Tuesday, September 20, 2005

Back to School

So far I have been making excellent use of my time during this post-graduate visit to my former institution of higher education. Whereas I once studied classic literature and learned obscure languages and analyzed ancient history, I now devote my energies to the things that truly matter.

For example, Fluff. That's right. Marshmallow Fluff. The kind you put in your peanut butter sandwich. The ambrosia that, like some kind of addict, I could only get at my friends' houses because my mom would never buy it when I was little. It turns out there is a Fluff website which has not only a three-page history of the Fluff company but also a scrapbook with pictures of happy children whose faces are covered in Fluff. It is very wholesome and I am determined to bring Fluff and peanut butter sandwiches (or "fluffernutters" to those in the know) to my place of work because they will demonstrate my knowledge of haute cuisine, which is sure to impress my new colleagues.

I also learned many dirty Latin words from the poetry of Catullus. This is less wholesome and less likely to impress my new colleagues, so I will probably have to forget my new vocabulary as soon as possible. But of course "scortillum," mildly translated by William Whitaker as "wench," is precisely the kind of thing that will stick in your mind even after you forget how to conjugate sum.

As for scholarly debates, there has been no end of discussion as to whether, if you had a time machine, Catullus would be someone you'd necessarily date. I vote yes, because everyone knows the Romans were an attractive people; just look at their statues. Maeve and I have also hit upon a principle of great use to the study of history, and it is this: the natural habitat of Emperors is Rome, and the natural habitat of wolves is the forests of Germany. It follows that the fact that wolves ran free in the medieval forests of Germany is not a basis on which you can fairly criticize the reign of the Emperor Charlemagne because wolves and emperors are not supposed to have anything to do with each other. Charlemagne did not campaign on wolf removal reform.

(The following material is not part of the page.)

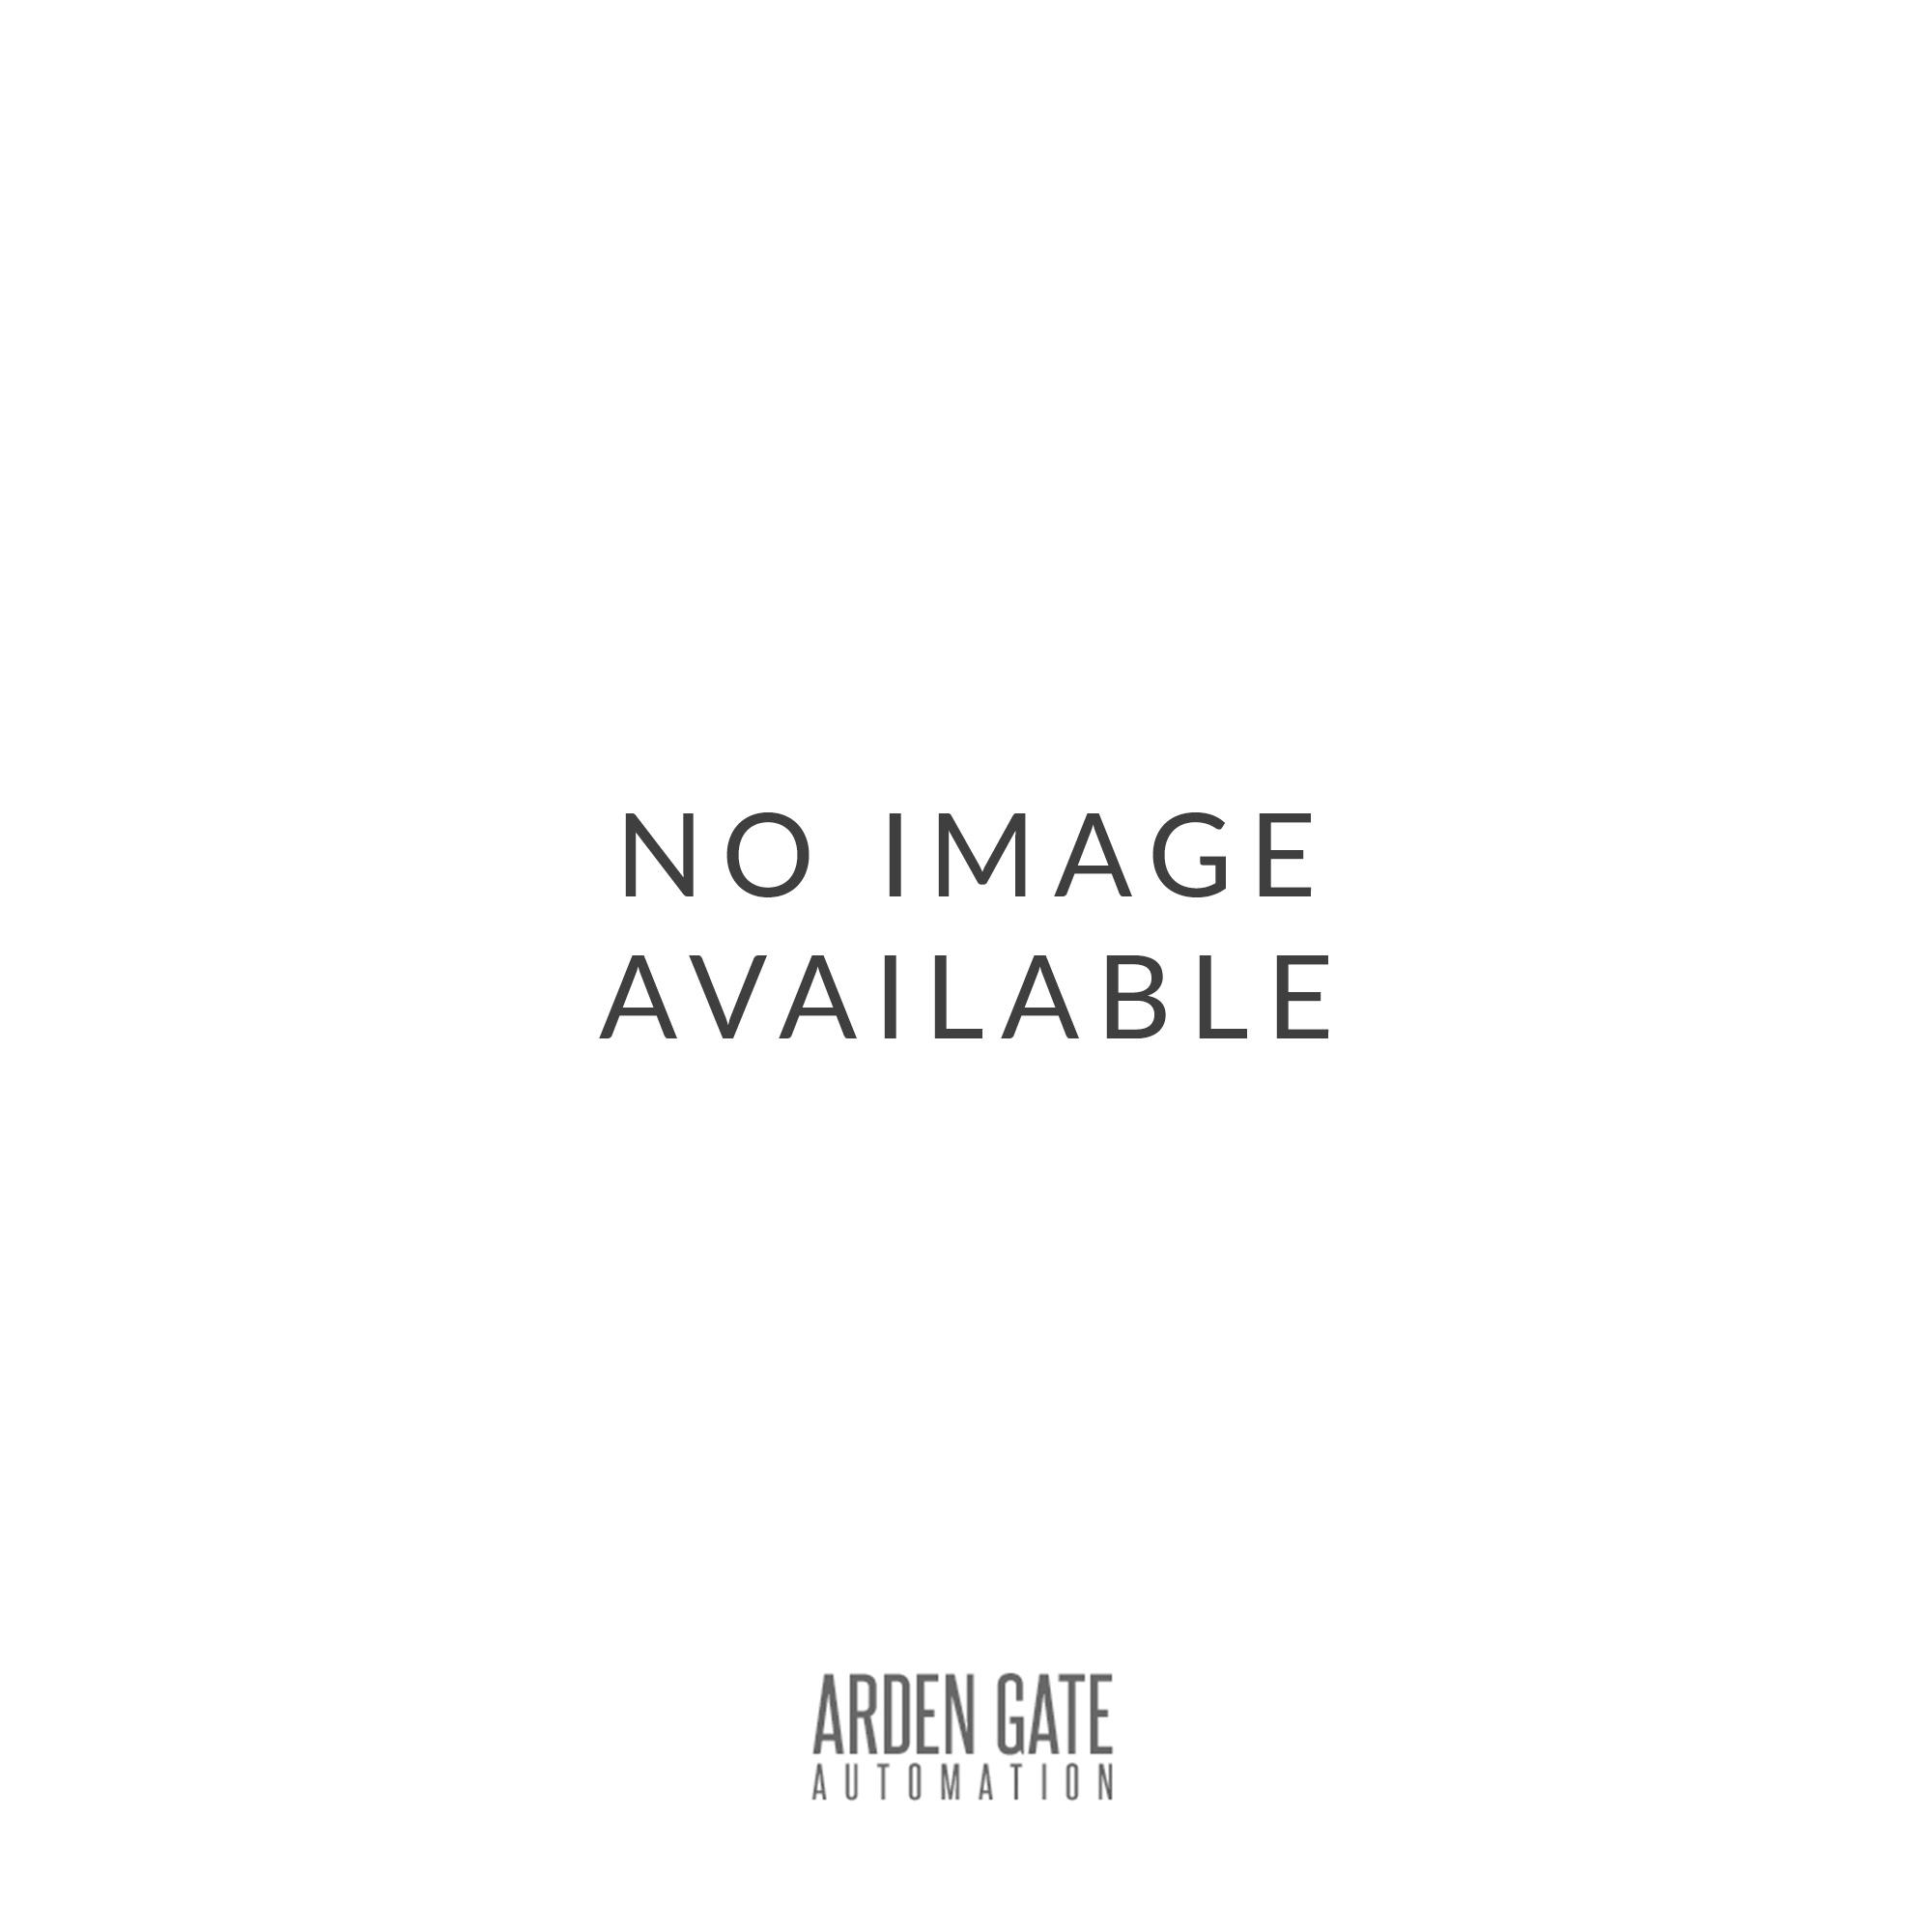 "CDVI 7"" TFT Colour LCD Monitor, Touch Sensitive, Black"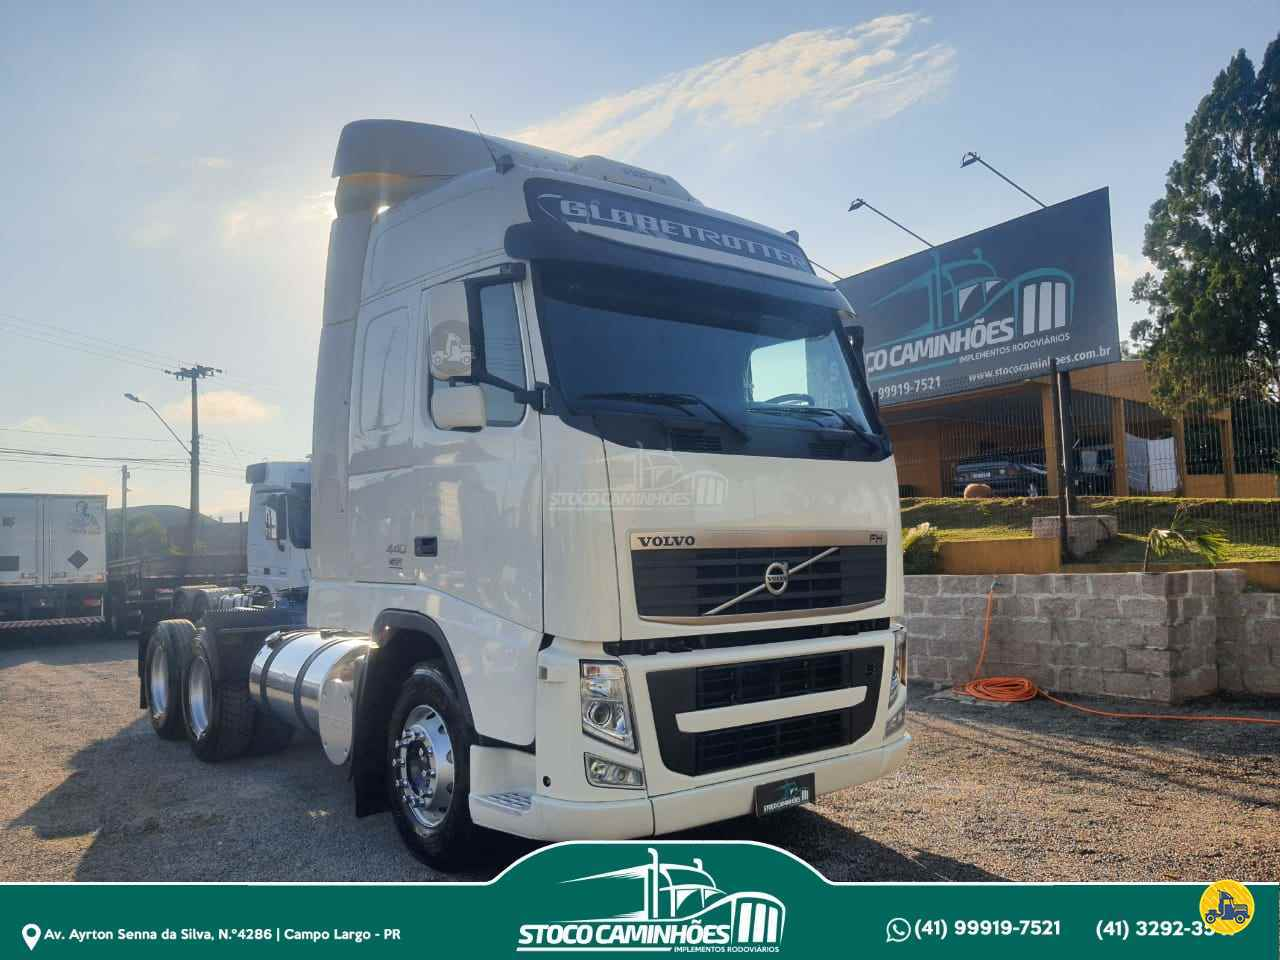 CAMINHAO VOLVO VOLVO FH 440 Cavalo Mecânico Truck 6x2 Stoco Caminhões  CAMPO LARGO PARANÁ PR

This is the conversation that followed the composition of that paragraph:
Maeve: Wolves are cool. They will eat you.
Katie: Did you really just say that?
Maeve: Yeah, I even kind of thought it through first.

Maeve is now sitting on her bed saying, "Fornicator! Fornicator! Fornicator!" and giggling. She is still translating Catullus.

The other scholarly debate we had earlier concerned Merovingian kings, the predecessors of Charlemagne, who had a habit of riding around their kingdoms in goat carts. This is what we had to say about that:

Katie: Goats can be regal.
Maeve: No, they can't.
Katie: Sure they can. They have . . . the beards . . .
Maeve: No. They eat everything.
Katie: They are . . . exploratory. They are tireless scholars.
Maeve: Maybe I should change the title of my blog to Le Fabuleux Destin d'une Chevre.
Katie: . . . Are you a goat?
Maeve: I'm a tireless scholar.

It is a haven of learning, Maeve's room.


.Maeve said...

do you think wolves eat goats? i do.
my mom thinks i'm feral because i'm teething. i think i should chew on coral, like charles II in his first ever portrait.
school is a lot less interesting without you, but i bet i'll sleep better.

the anonymous hedgehog said...

hrmmm, yes, i suppose you will. but who wants to sleep when you could stay up half the night brainstorming how to get Jonathan Frakes on your Catullian TV show?

if you got those teeth removed, you know, you wouldn't have to chew on coral, which i imagine might be actually more painful.

.Maeve said...

i like chewing on things.

Matthew said...

I dislike Fluff.
I like goats.
The image in my head of toga-and-wine Katie & Maeve is back.

.Maeve said...

i'm almost embarrassed to say there was no alcohol of any kind involved in this weekend ... though it now occurs that an I, Claudius drinking game of the drink-when-they-do type would be very successful / dangerous to one's health indeed.

i start cicero on wednesday ... i wonder if he lends himself as well to the sitcom format.

The Anonymous Hedgehog said...

MATT! You dislike fluff? Our friendship is over.

I think an I, Claudius drinking game could probably give you alcohol poisoning if, for example, you drank everytime someone got poisoned and/or someone attempted murder and/or someone showed signs of madness/depravity. Oooh! Or every time it gave you ideas for a sitcom joke. Yes!